From a simplistic point of view I would assume, that the organism counts every neurotransmitter, that has been emitted and demands the synapse to get it taken up on the other side in a determined time window. If you ingest a compound, that inhibits the reuptake, it is likely, that the body releases more of the expected neurotransmitter in order to get the amount at the other side to recommended levels. It seems like pretty simple logic, at least if you consider the system as detached from the rest of the neuronal network.

But that's just not how our cells usually work. It's usually about reaching an equilibrium with some sort of negative feedback. When little neurotransmitter is in the cell, there is no reason to assume it has become lost, quite on the contrary. Besides, DrugBank says "it is thought" to be a reuptake inhibitor. Like I explained on the example amphetamine, things just are rarely that simple. Sometimes it's important to take a reductionist view on things, but when it comes to the exact pharmacodynamics, it won't get us anywhere.

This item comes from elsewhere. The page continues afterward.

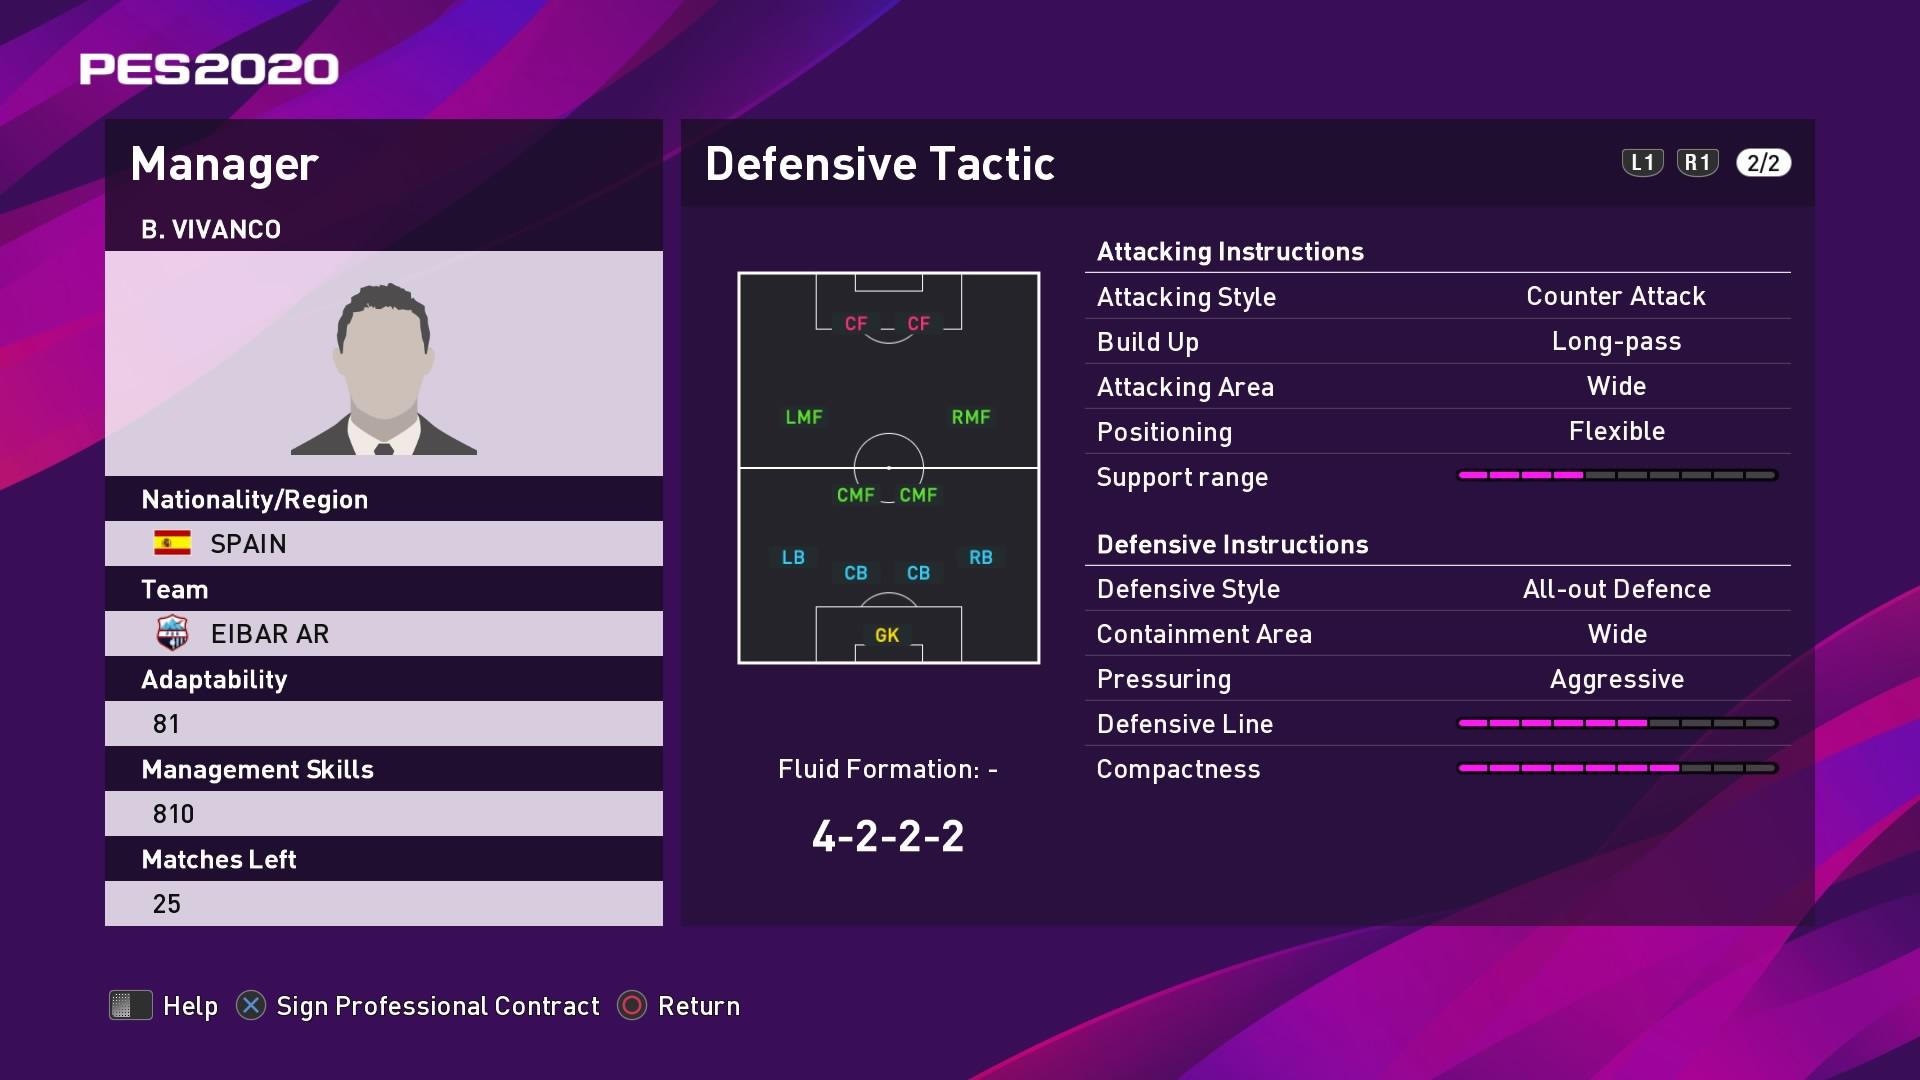 B. Vivanco (José Luis Mendilibar) Defensive Tactic in PES 2020 myClub

I really don't have time to look properly, but here is a piece of more trustworthy information than DrugBank:

The present study examined the effects of the releasers benzylpiperazine, (+)phenmetrazine, and 4-benzylpiperidine, which have 20- to 48-fold selectivity in vitro for releasing dopamine versus serotonin.

Searching for phenmetrazine with A reuptake, B DRI, C NRI, D DNRI, E DAT yields no results on pubmed. It's pretty clear this isn't (primarily!) a reuptake inhibitor.

I would be *shocked* if this were the case LeeviON, stereospecific syntheses are much more costly and not economical in this market as customers do not pay proportionally more.

Well, I would be shocked, too. However in many cases you wouldn't be using stereoselective synthesis, but instead do an enantiomeric separation after the racemate has been synthesized. Check this patent for example: http://www.freepatentsonline.com/6040479.html

It's not expensive and can be done at home, in case anyone is ever curious about R-ketamine... :D

I'm pretty sure that's not how chinese drug manufacturers roll though.

Oh and btw, to whomever asked, it's not a different synthesis really, you just use the respective isomers of some reagents instead of their racemic versions (an even mixture of all isomers).

Adult monkeys have an LD50 of 15 to 20 mg/kg, whereas for young monkeys the LD50 is only 5 mg/kg. Symptoms of overdose include acute central nervous system stimulation, cardiotoxicity causing tachycardia, arrhythmias, hypertension, and cardiovascular collapse. Whilst some patients show signs of toxicity at blood concentrations of 20 µg/L, chronic abusers of amphetamine have been known to have blood concentration of up to 3000 µg/L.

Has this even been mentioned before? I'm not sure if this might give the wrong idea. They are talking about amphetamine tolerant users on one hand, and drug naive ones on the other.

However it should be taken seriously. Remember the substance is not all located in the blood, so multiplicating the figured by 5 or 6 won't yield a dosage, nothing even close. It varies from substance to substance how high it's concentration in the different types of tissue is, sometimes a huge amount could be located e.g. in fatty tissue or in the cns. Phendimetrazine definitely caused a few deaths despite never being very popular afaik.

 

[Ziiirp]

That is some valuable info crOOk. Thanks for that.

If 3F-PM has a remotely comparable LD50 (I guess, that Phenmetrazine itself is superior as a functional stim by a huge margin compared to the racemic 3F-PM, if the anecdotes are true), then it must have one of the lowest therapeutic indices of all stims. Then it would not only suck in vivo for me, but also on paper :D

@Leevion

I'd say, that neither of the mentioned compounds are safe (I dislike all 3 of them, but YMMV) taken solo. So the probability, that they are safe, taken in any permutation, is rather low.